#### The data ####
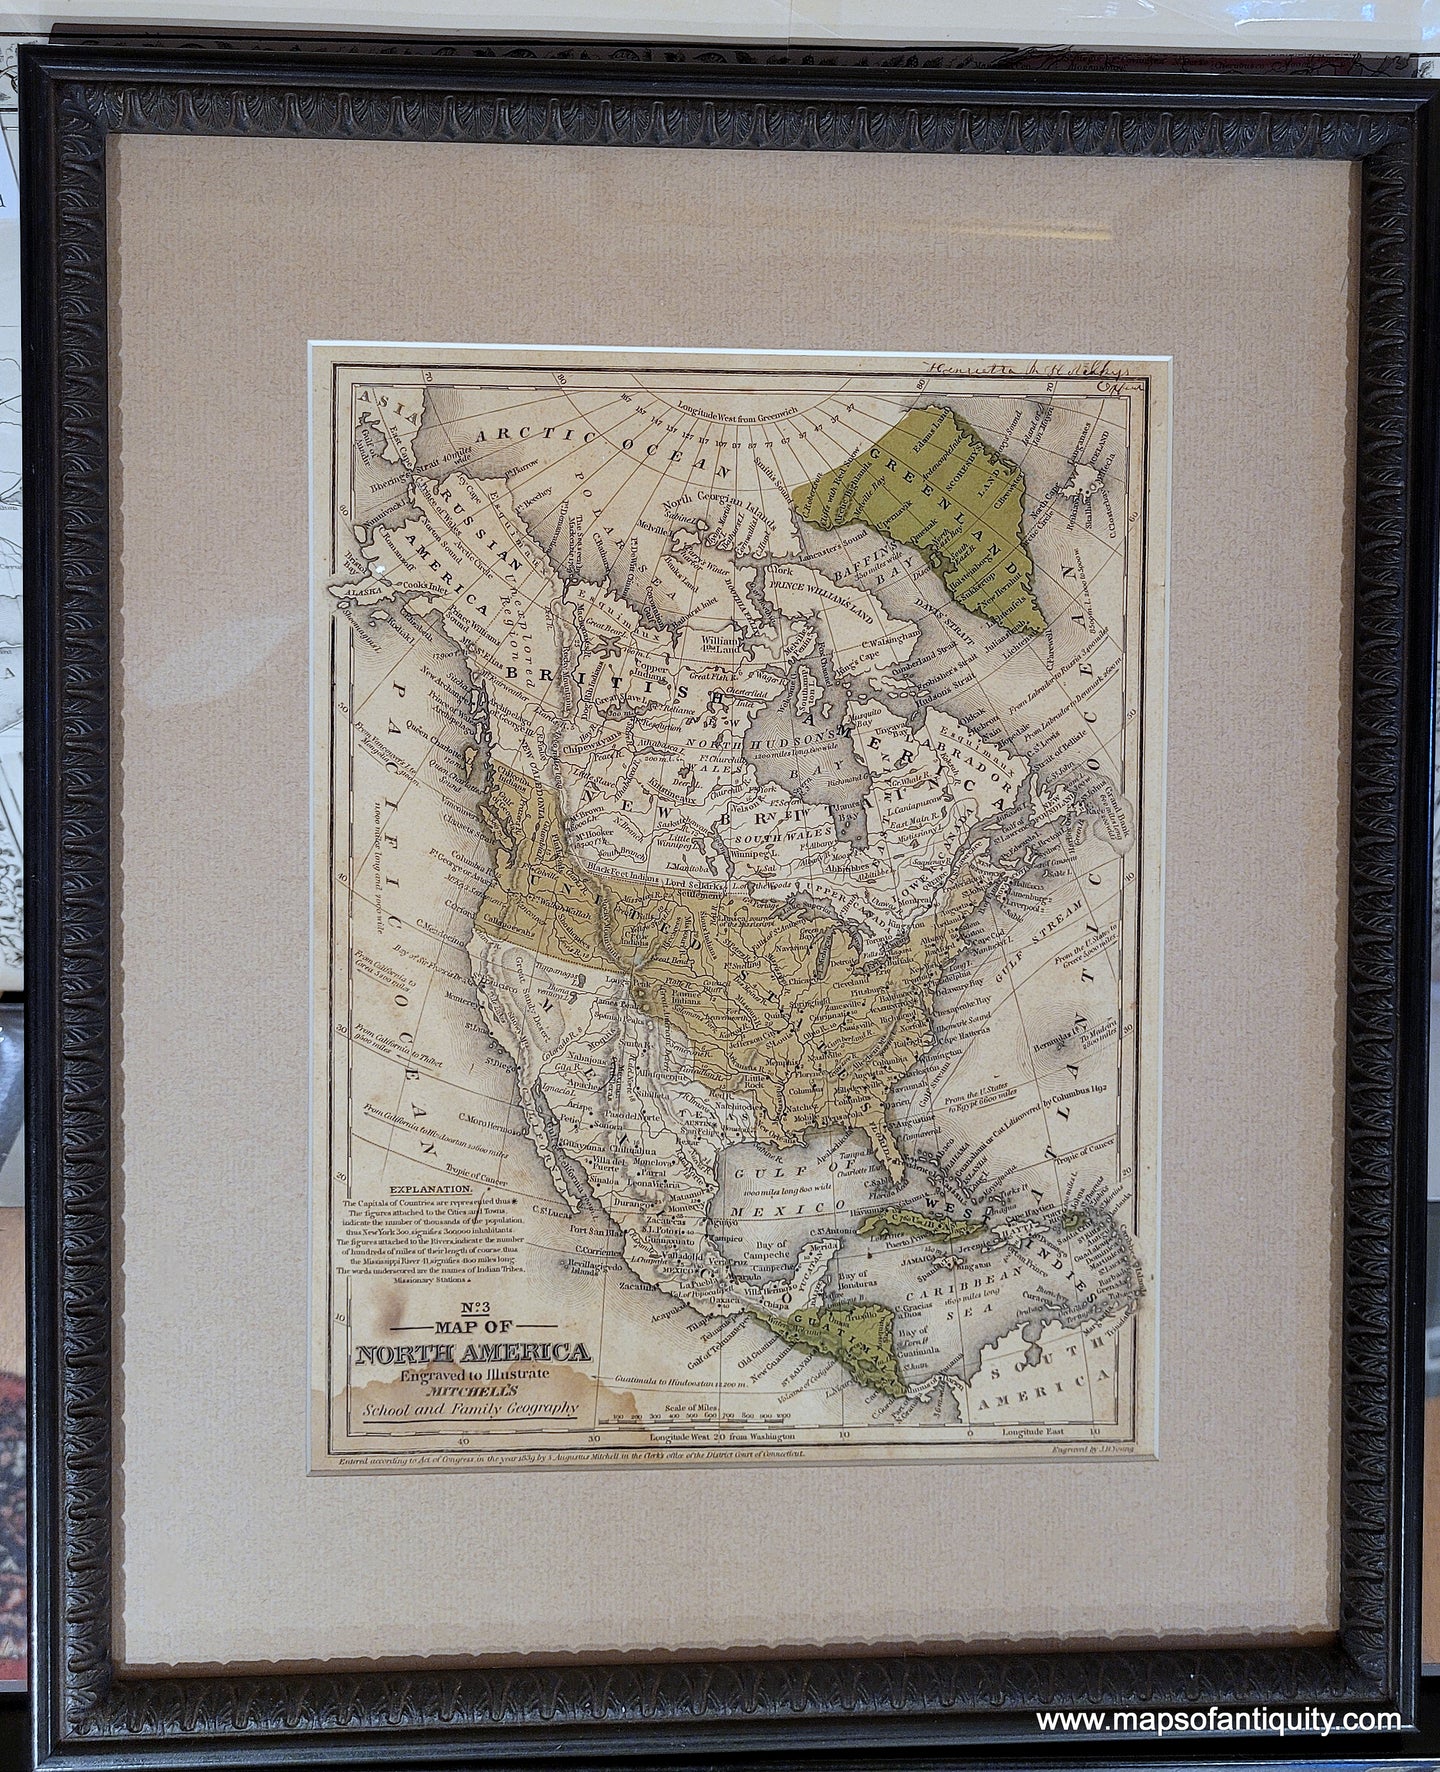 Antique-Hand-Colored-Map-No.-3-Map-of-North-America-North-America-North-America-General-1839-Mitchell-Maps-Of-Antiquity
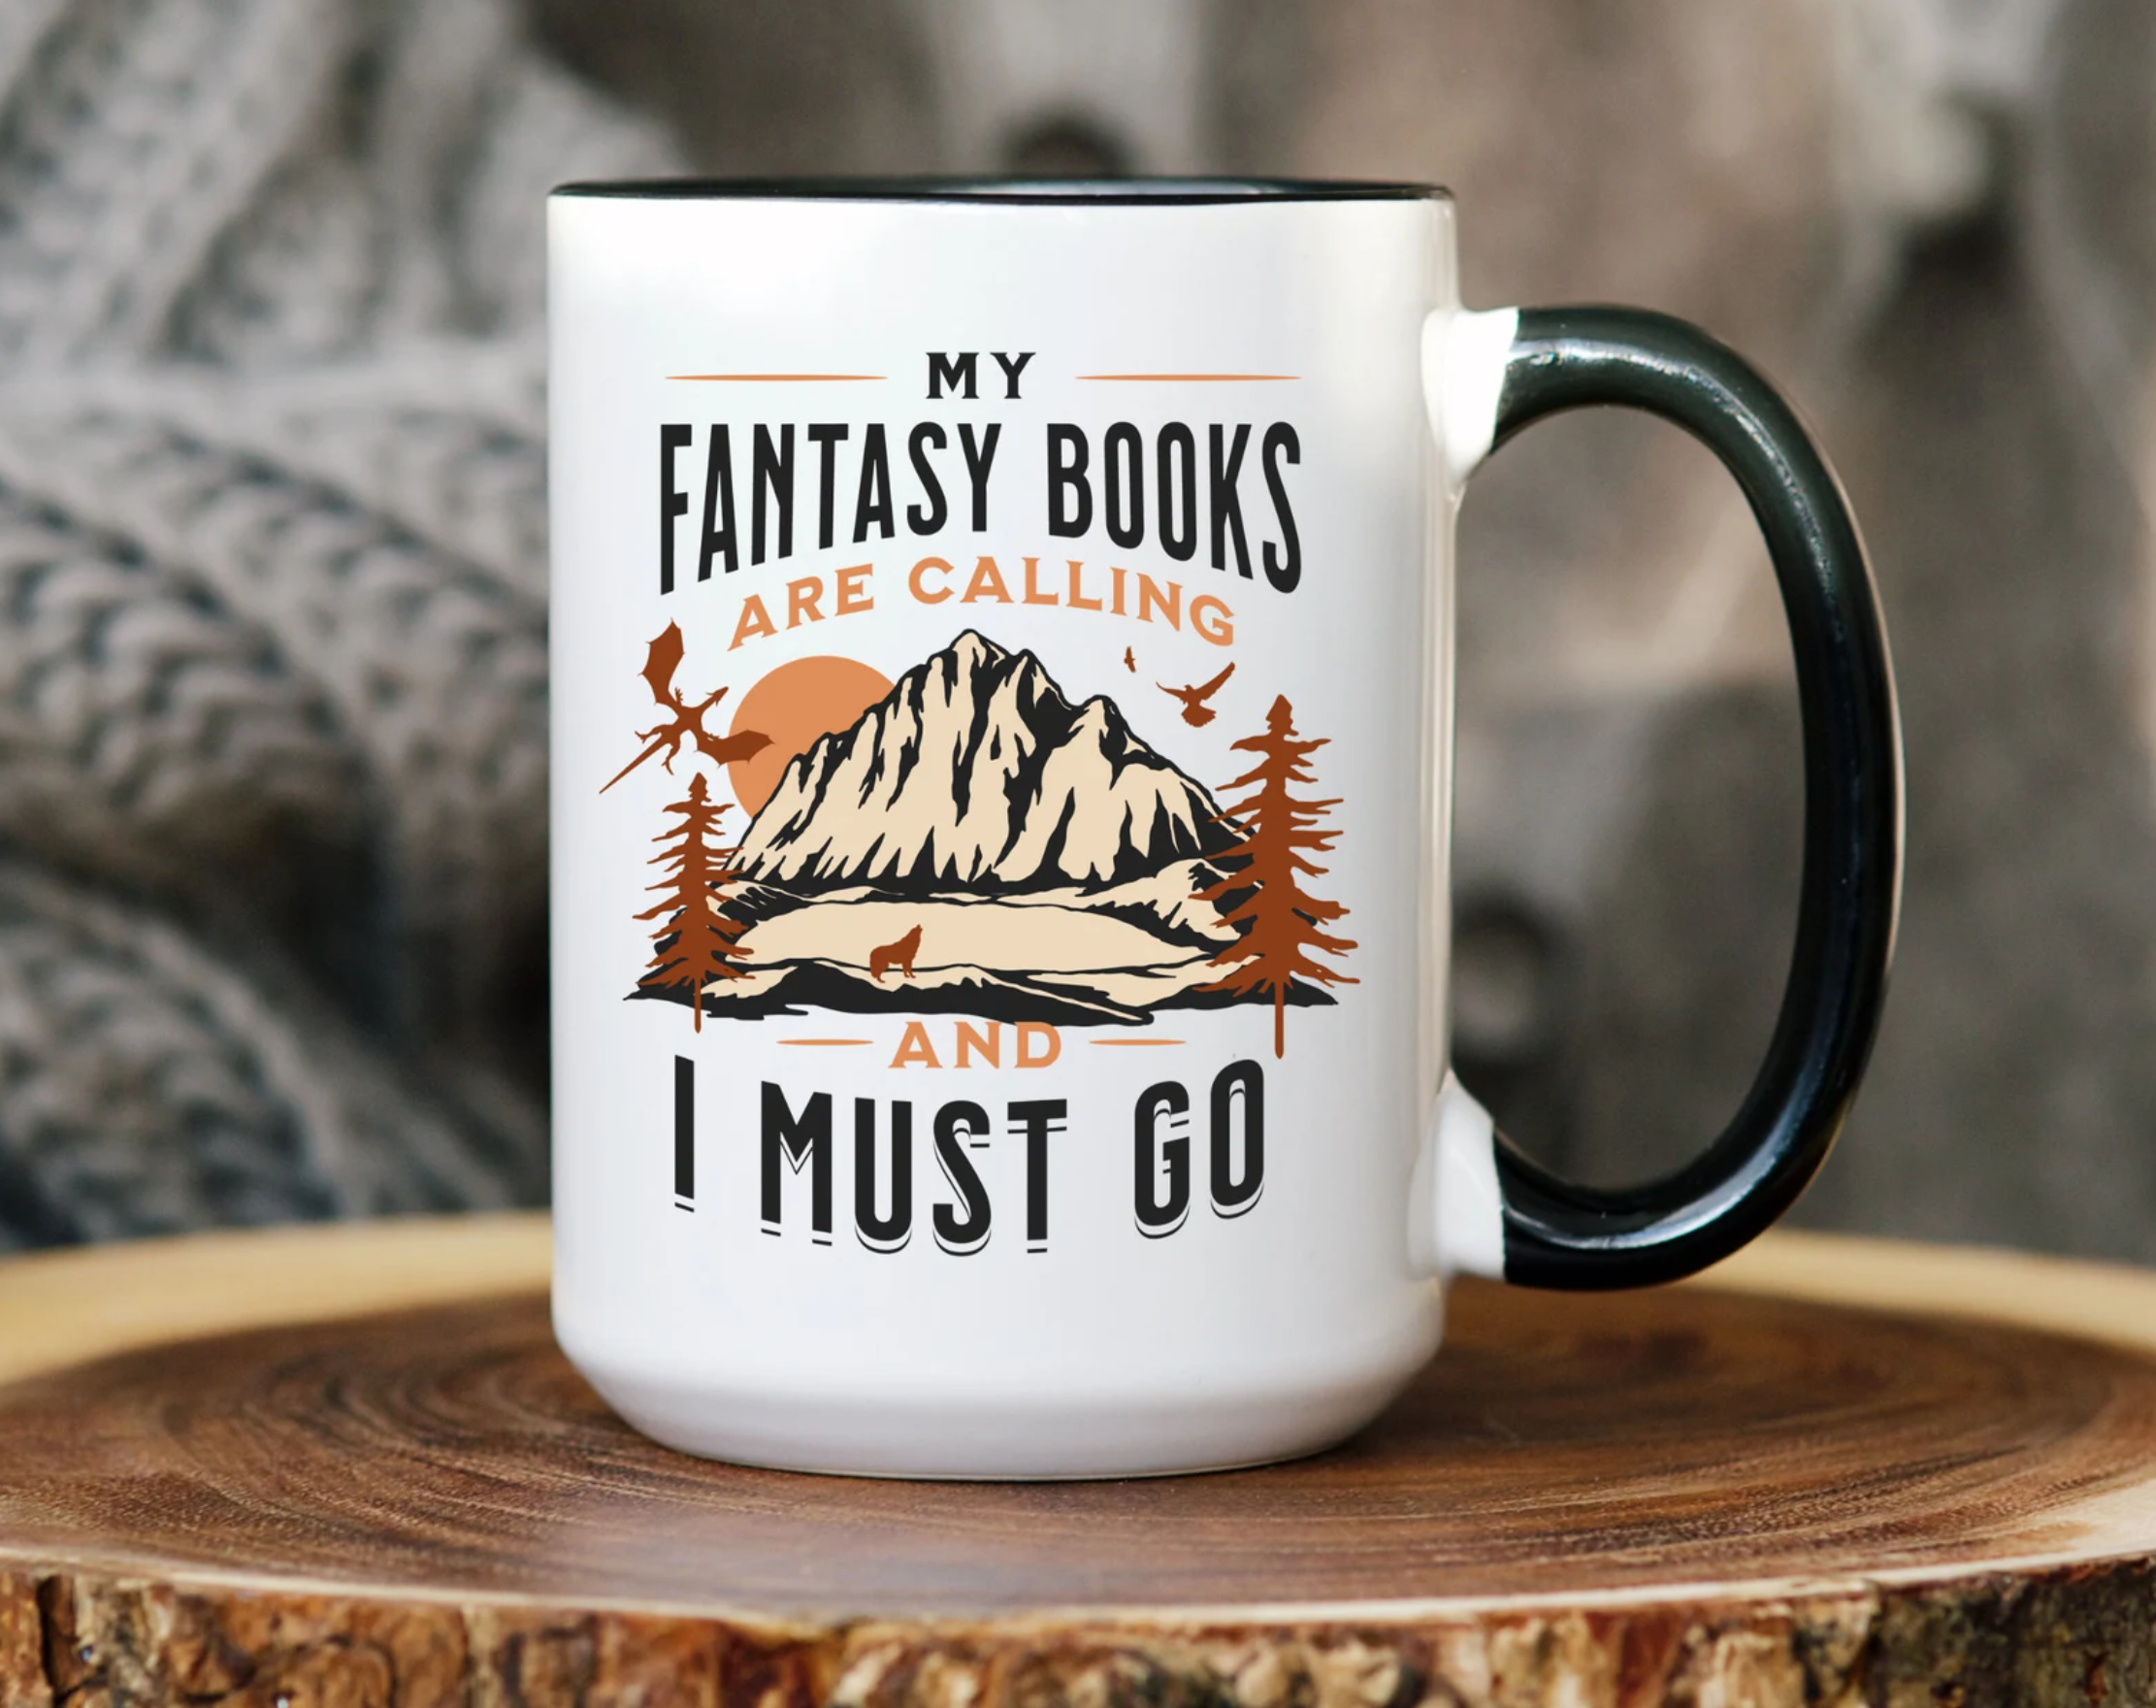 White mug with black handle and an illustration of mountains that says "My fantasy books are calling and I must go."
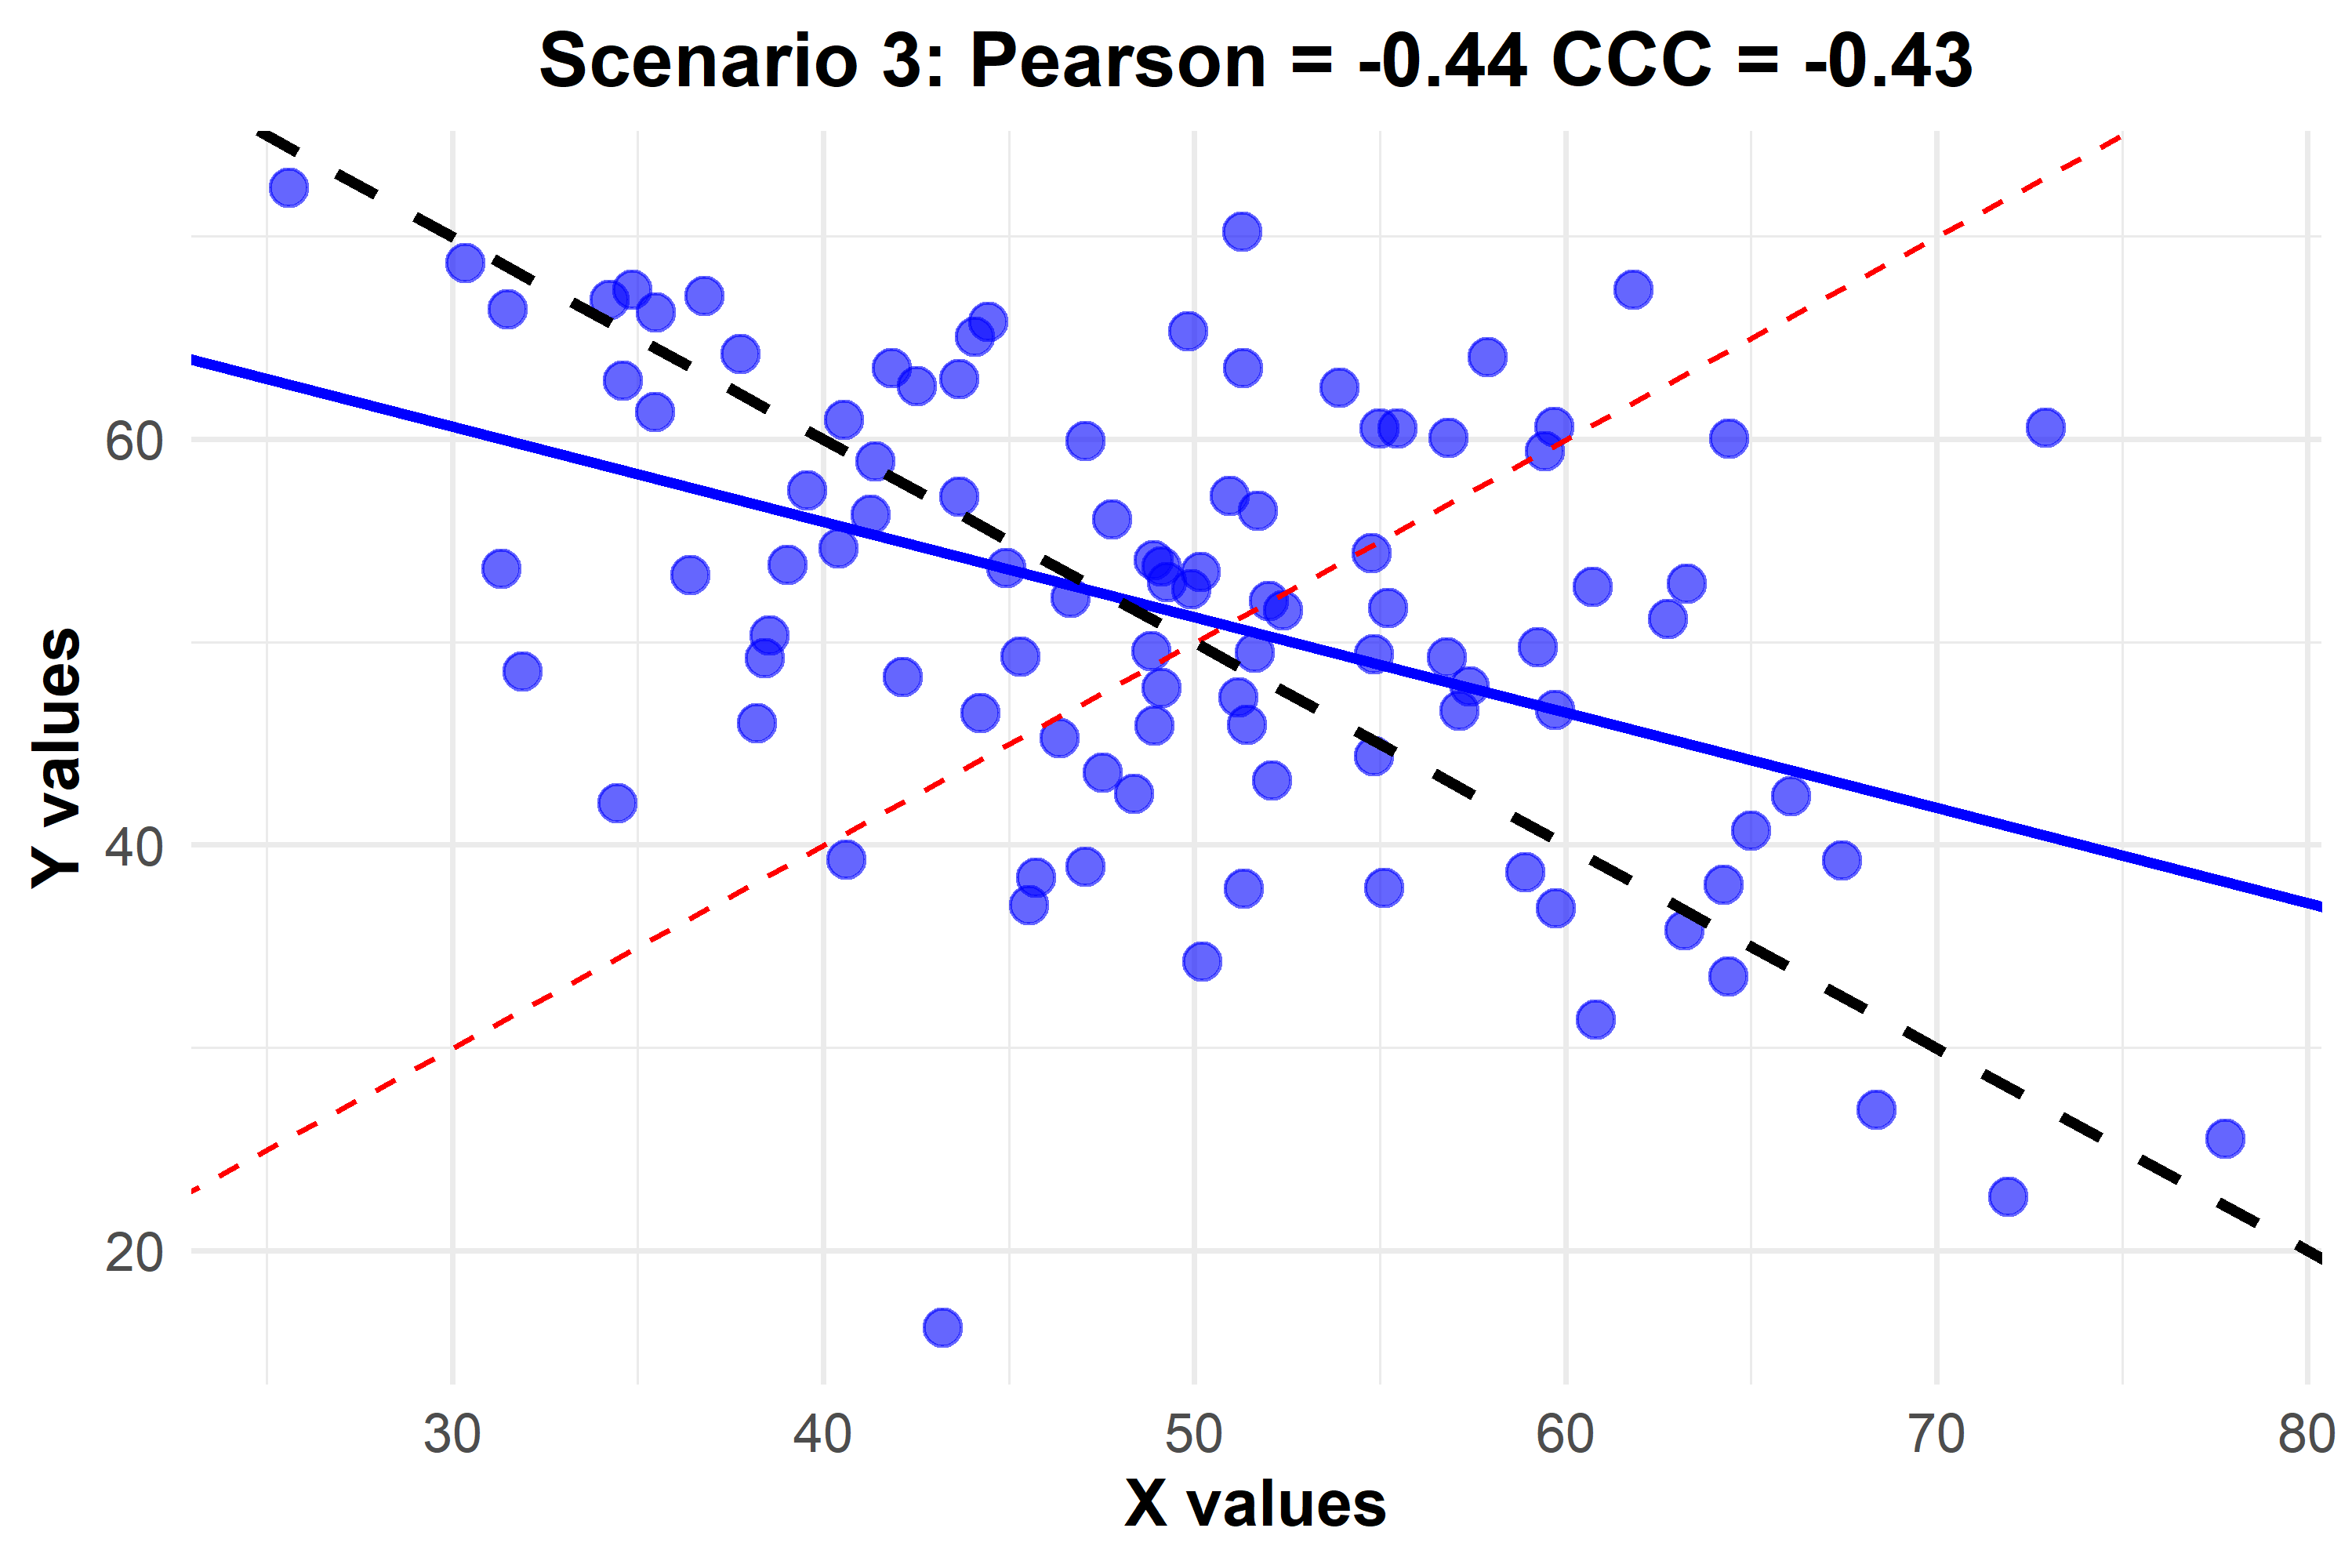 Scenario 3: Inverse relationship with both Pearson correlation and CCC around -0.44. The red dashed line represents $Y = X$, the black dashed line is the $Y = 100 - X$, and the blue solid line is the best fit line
####
*Prompt*.
An exact, word-for-word version of the material is required, free of pictures.

*Problem solution*.
 Antique-Hand-Colored-Map-No.-3-Map-of-North-America-North-America-North-America-General-1839-Mitchell-Maps-Of-Antiquity
 White mug with black handle and an illustration of mountains that says "My fantasy books are calling and I must go."
 Scenario 3: Inverse relationship with both Pearson correlation and CCC around -0.44. The red dashed line represents $Y = X$, the black dashed line is the $Y = 100 - X$, and the blue solid line is the best fit line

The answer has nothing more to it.